Unfortunately 1x lumber is 3/4" so there would be 1/2" sticking through or clinched over which I hate. I think the staples will work well though.

The nails I picked up for the wind boards and framing are the best gun nails I ever saw, 3 1/4" full head, twist, coated. Supplier showed me a sample and I went yep, that's the nail for me, gimme a whole box, SOLD!
Have to go to a specialty supplier for anything other than cheap smooth clip heads here.


----------



## chuckhole (Mar 2, 2006)

Rectifier said:


> Had to look up the nail size, we always just used inches around here. 6d = 2" which is my shortest length for my gun.
> Unfortunately 1x lumber is 3/4" so there would be 1/2" sticking through or clinched over which I hate. I think the staples will work well though.
> 
> The nails I picked up for the wind boards and framing are the best gun nails I ever saw, 3 1/4" full head, twist, coated. Supplier showed me a sample and I went yep, that's the nail for me, gimme a whole box, SOLD!
> Have to go to a specialty supplier for anything other than cheap smooth clip heads here.


Check into corral boards. Home Depot and Lowes sell them in 8' and 16' lengths. They are rough cut 1"x6" boards so they really are 1" x 6". Plus they are less expensive. No problem for 2" nails. Just a thought.......but I would probably go staples too.

I too delayed in getting air nailers.......until I got tennis elbow swinging a hammer. Took almost 4 months to heal.

Now I have 4 nail guns. Never go back.


----------



## Beulah_Land (Mar 24, 2014)

With regard to nails for pneumatic framing nailers, for best results, screw (twisted) nails and ring shank nails should not be considered interchangeable. These "deformed shank" nails are designed to resist "backing out" due to changes in temperature and moisture content.

Screw shank nails are designed for denser, drier woods. This type nail depends on the resistance of the firmer material to "screw" the nail into the wood. The ring-shank nails work best in softer, moist woods. The wood fibers actually open up and then close back around the rings.

I cannot think of any major nail manufacturer who does not "coat" their nails today. The coating is a very thin layer of a thermo-plastic polymer. The friction from driving the nail melts this coating. As it cools, it bonds with the wood fibers increasing the holding power of the nail. 

For exterior purposes, electro-galvanized nails can still be found in some flea markets, yard sales, etc... They should NOT be used in today's treated lumber. The galvanization is a "sacrificial" metal that delays corrosion of the nail. The newer wood preservatives are highly caustic and will completely dissolve an electro-galvanized nail in very short order. The ideal fastener for this application is stainless steel. They are quite pricey and harder to find. A middle of the road alternative is a "hot dipped" galvanized nail. The galvanizing zinc layer is much thicker and will delay failure of the nail for far longer than the electro-galvanized nail.

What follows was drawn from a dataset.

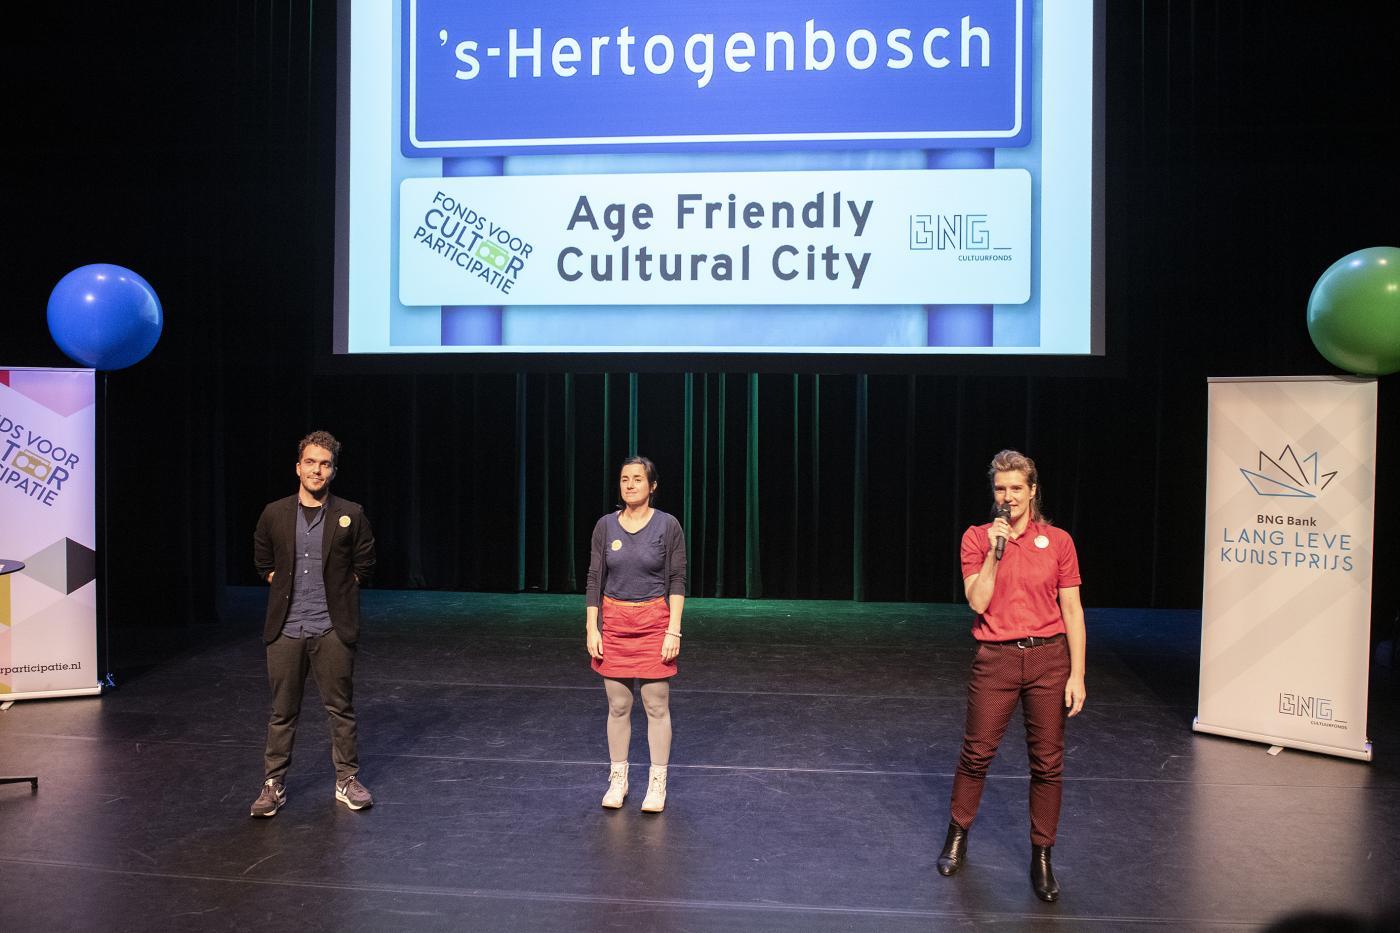 Dansvisite uit 's-Hertogenbosch vertelt over hun project

With the exception of stainless steel, smooth, ring shank and screw shank collated nails are commonly found in all the big box stores around the country. Be careful...not all nails are created equal. For structural work, try to use a shank diameter of .131" . You can get away with .120" diameter nails for subfloors, tread way boards, etc... Also watch the box counts. There are "consumer" packs and contractor packs. The price per thousand on the consumer pack will be much higher. 

It is also worth noting that there are three major categories of gun nails for "stick nailers". The difference is in the angle in which they are collated. A common type is the 33 degree "modified head" (commonly called clip head or D head). Paslode and Senco brand nailers commonly use this type. A second common type is the 22 degree full round head. Duo-fast and Hitachi are two brands that commonly use these. The third major type is the 28 degree modified head. This used to be peculiar to the Bostich brand tools - but I expect that there are other brands that will drive these nails as well (Max, Apach, etc...).

I would be remiss if I didn't make a pitch for safety glasses here. These tools work by using compressed air to ram a tempered piece of steel onto the end of a nail that is made from scrap metals that have been recycled. There will be tiny shards of steel flying around. In addition to wood chips, the plastic, paper or steel used to collate the nails also gets thrown around. Don't be the folks who are used as an example of why you should wear safety glasses!

Okay, I reckon I'm finished. Please feel free to ask if you have any questions.  (We haven't even touched roofing nailers, finish nailers, coil nailers or staplers yet!) For those of us who have used these things for years, it is not much of a mystery. I have to believe it is a bit daunting for a new user.


----------



## jamesdaclark (Aug 2, 2012)

I use a stapler for tons of jobs. Mine has a 1/2" crown and shoots from 1" to 2 1/2" staples. A box of 5000 staples is around $40 and lasts forever. I have used staples for nearly ten years now and have NEVER had anything come apart. The Senco brand staple I buy are galvy with adhesive. I have several other nail guns also, but for light construction jobs the stapler is by far my favorite.


----------